La tactique du bouc émissaire n'est pas morale. C'est une façon simple de faire croire que l'on peut résoudre un problème, en désignant à la vindicte populaire un ennemi faible, une figure, une image, qui n'est pas la véritable cause du mal. La tactique du bouc émissaire est une réaction magique qui a pour fonction de ressouder la communauté devant l'angoisse et le malheur, faute de mieux, et qui ne résoud rien. La tactique du bouc émissaire est une fuite en avant démagogique qui s'appuie sur les passions les plus sauvages – la peur, la haine, le refus de l'autre. La tactique du bouc émissaire est la négation même des principes qui fondent la pratique politique républicaine.

On relira avec profit le vieux bouquin de René Girard (Le Bouc émissaire, Grasset, 1982). Qui rappelle par exemple comment, au XIVe siècle, au moment de l'apparition de la peste noire, les juifs sont accusés d'avoir empoisonné les rivières. “Quelles que soient leurs causes véritables, les crises qui déclenchent les grandes persécutions collectives sont toujours vécues plus ou moins de la même façon par ceux qui les subissent. L'impression la plus vive est invariablement celle d'une perte radicale du social lui-même, la fin des règles et des "différences" qui définissent les ordres culturels. (...) Devant l'éclipse du culturel, les hommes se sentent impuissants; l'immensité du désastre les déconcerte mais il ne leur vient pas à l'idée de s'intéresser aux causes naturelles. (...) Les persécuteurs finissent toujours par se convaincre qu'un petit nombre d'individus, ou même un seul, peut se rendre extrêmement nuisible à la société tout entière, en dépit de sa faiblesse relative. C'est l'accusation stéréotypée qui autorise et facilite cette croyance en jouant de toute évidence un rôle médiateur.” Etc. Girard parle de la société médiévale, décrit des mécanismes “arriérés”. La bouc-emissarisation n'est pas digne d'une démocratie du XXIe siècle.

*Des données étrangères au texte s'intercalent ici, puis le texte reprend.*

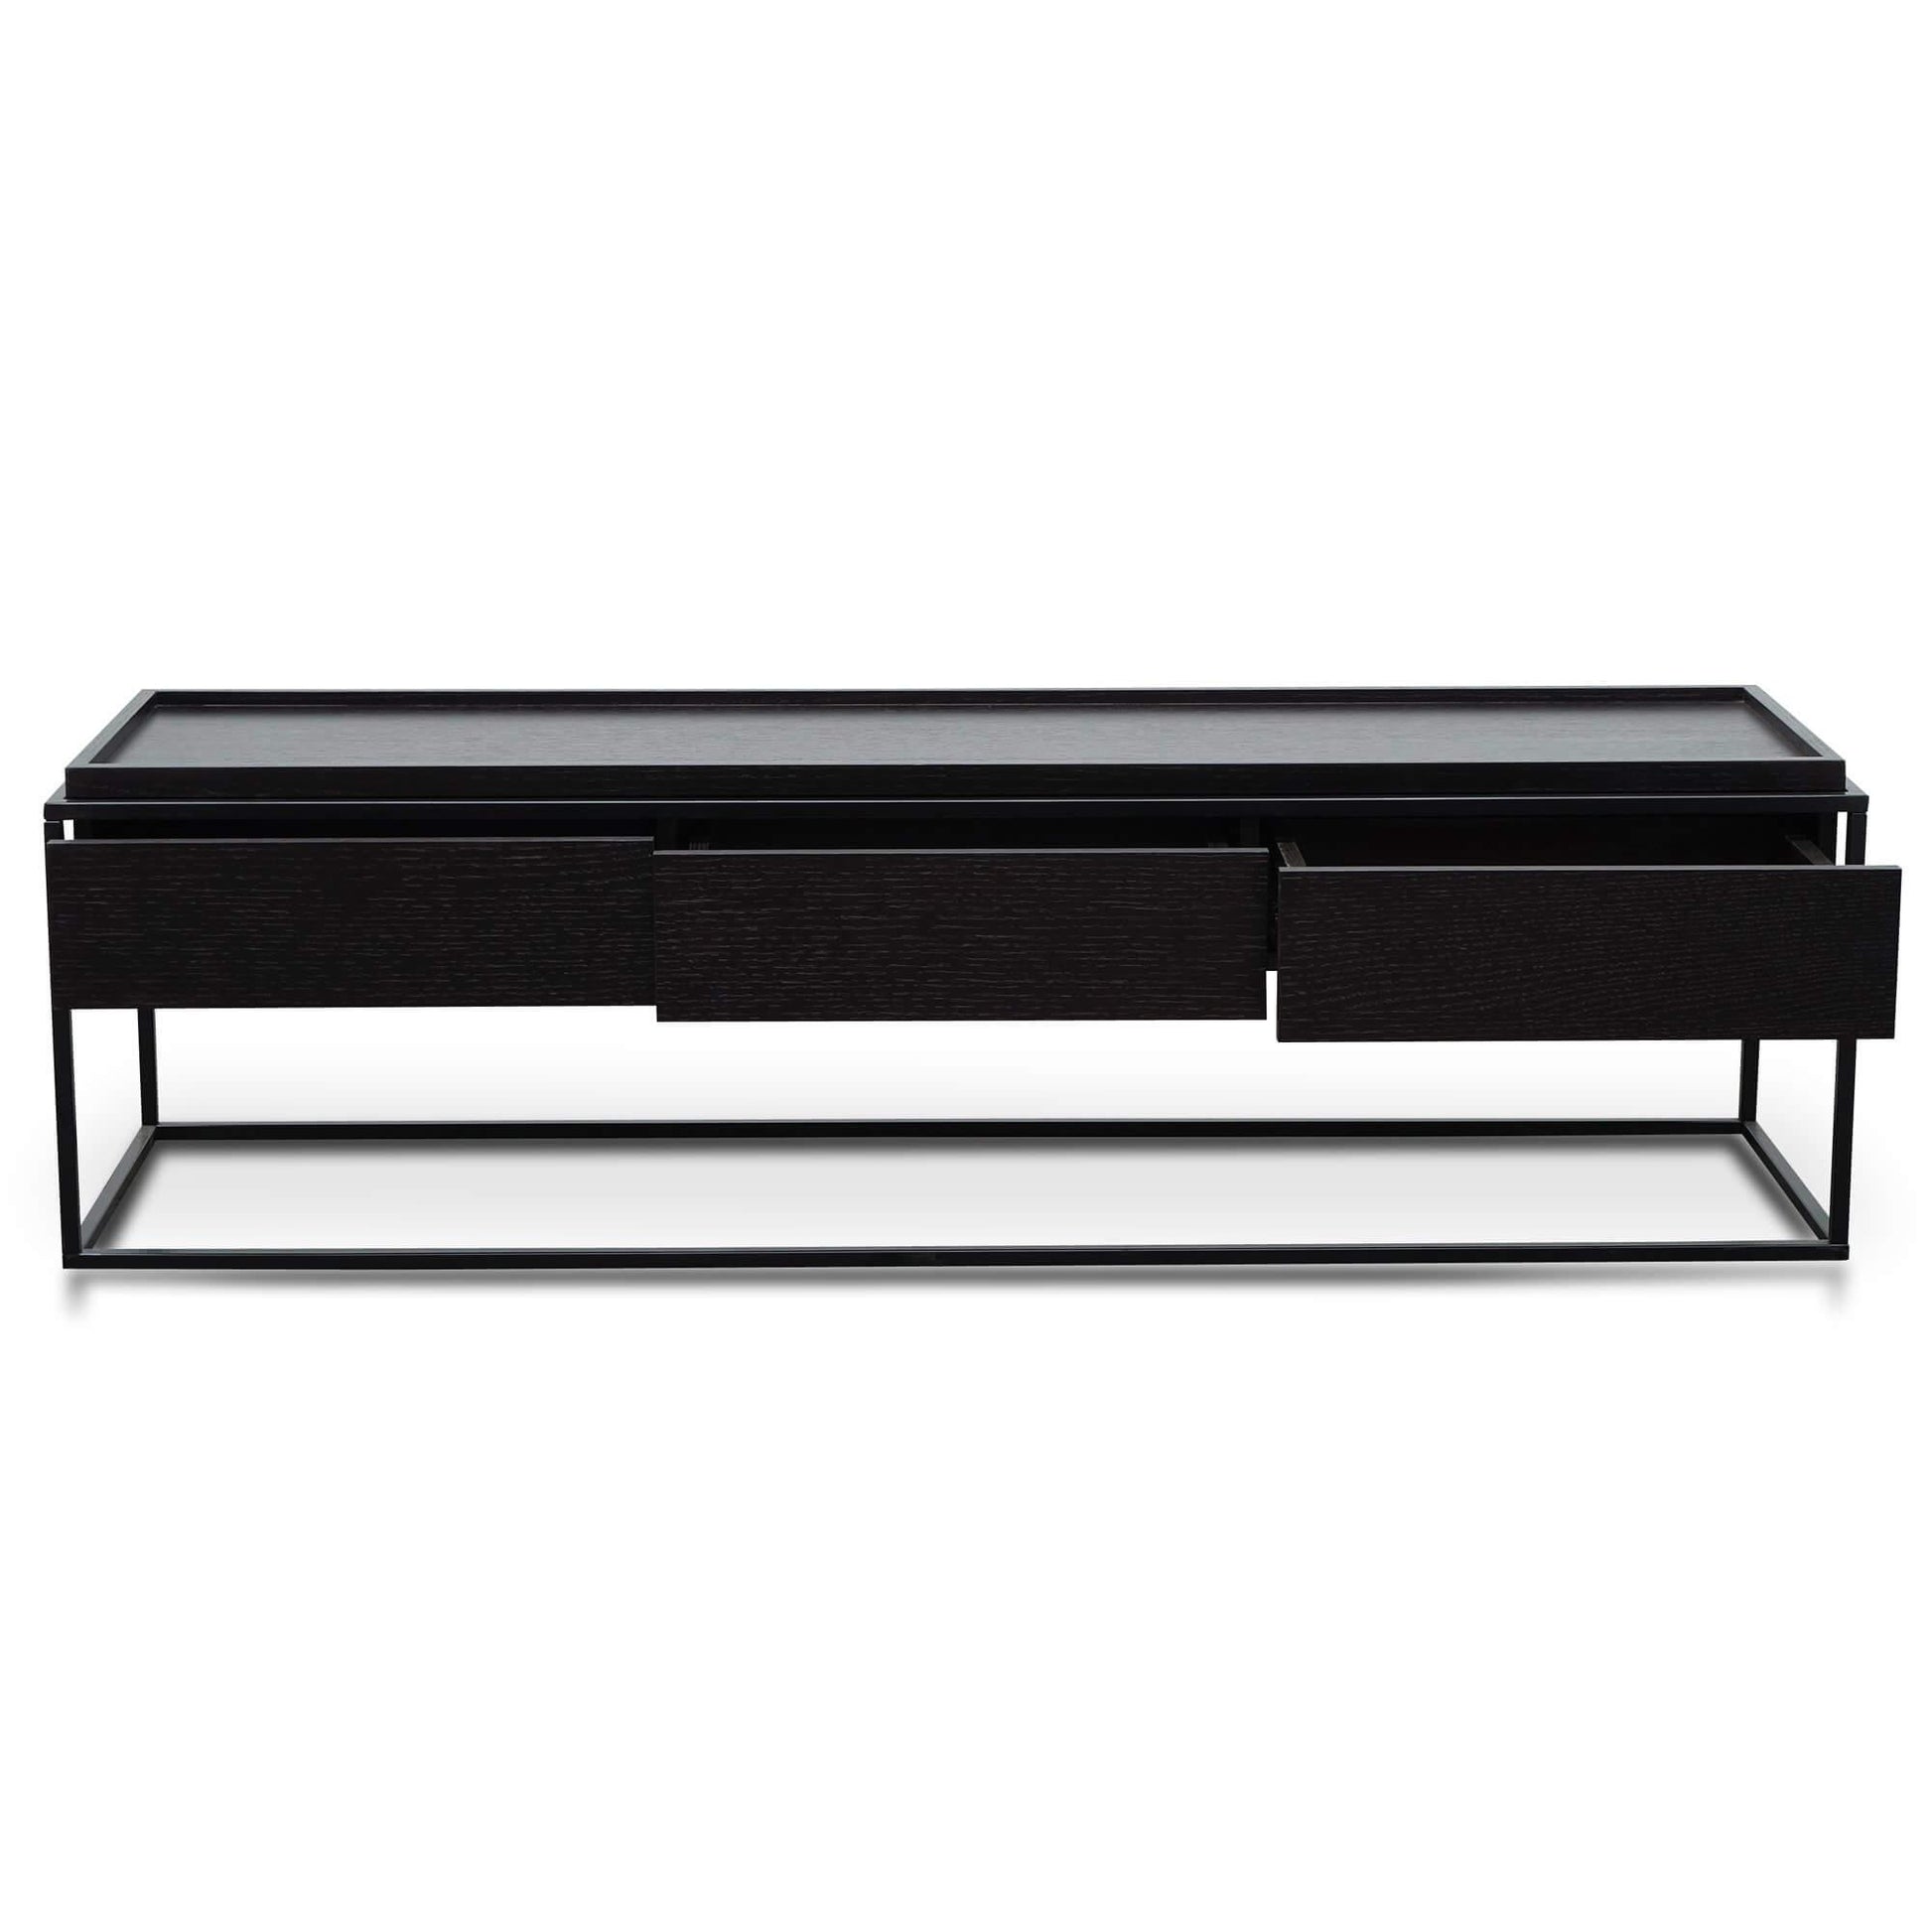 Calibre 150cm TV Entertainment Unit - Full Black TV2712-IG-Entertainment Units-Calibre-Prime Furniture

Et pourtant elle se répand. C'est un réflexe si éprouvé que Sarkozy peut aller jusqu'à se l'appliquer à lui-même. La critique est retournée et décrite comme une diabolisation, une persécution. Pauvre de moi, voyez comme je suis boucemissarisé! Dit l'auteur de la plus belle galerie de figures de détestation du paysage politique. Une manie, on vous dit. Une recette qui se prête à tout, qui transforme tout en objet de vindicte et de violence. Et pour ceux qui se demandent ce que veut dire la formule "droite décomplexée", elle signifie précisément ceci: laissez-nous recourir sans vergogne à la bouc-emissarisation. Et aussi: nous savons parfaitement ce que nous faisons. Nous savons que nous tapons sous la ceinture. Sans complexes, car la fin justifie les moyens.

En réalité, ceux qui utilisent cette tactique n'en sont pas vraiment fiers. Ils baissent les yeux dès qu'ils sont pris la main dans le pot à confiture. Ou bien répliquent avec insolence, toujours à côté, montrant combien ils sont gênés. Même ceux qui sont convaincus du succès de la méthode ne peuvent affronter l'idée qu'ils manipulent un instrument ignoble. Tous ceux qui acceptent d'aller à la soupe en passant par pertes et profits le recours à cette tactique ne méritent pas un regard.

Berlusconi n'était pas Mussolini, et Sarkozy n'est pas nazi. On peut vivre sous Bush ou sous Poutine sans fuir le régime. Mais pas sans rien y perdre. C'est avec inquiétude que je me souviens du sentiment que j'éprouvais à l'égard de mes amis italiens ou américains. Je les plaignais de vivre sous la coupe de tels présidents, je comprenais leur honte à être représentés par ces dirigeants – mais sans pouvoir tout à fait me défaire de l'idée qu'ils étaient aussi responsables de leur situation, fut-ce par défaut. Ce regard condescendant et navré, voilà ce qui nous attend. Et probablement la même chaîne de réactions que celles qu'on constate sur les campus américains. La déception, l'éloignement de l'action, la formation d'une bulle, le repli vers la culture de l'élite. La culture peut survivre en démagogie. Pas le politique. Tel est bien le but recherché.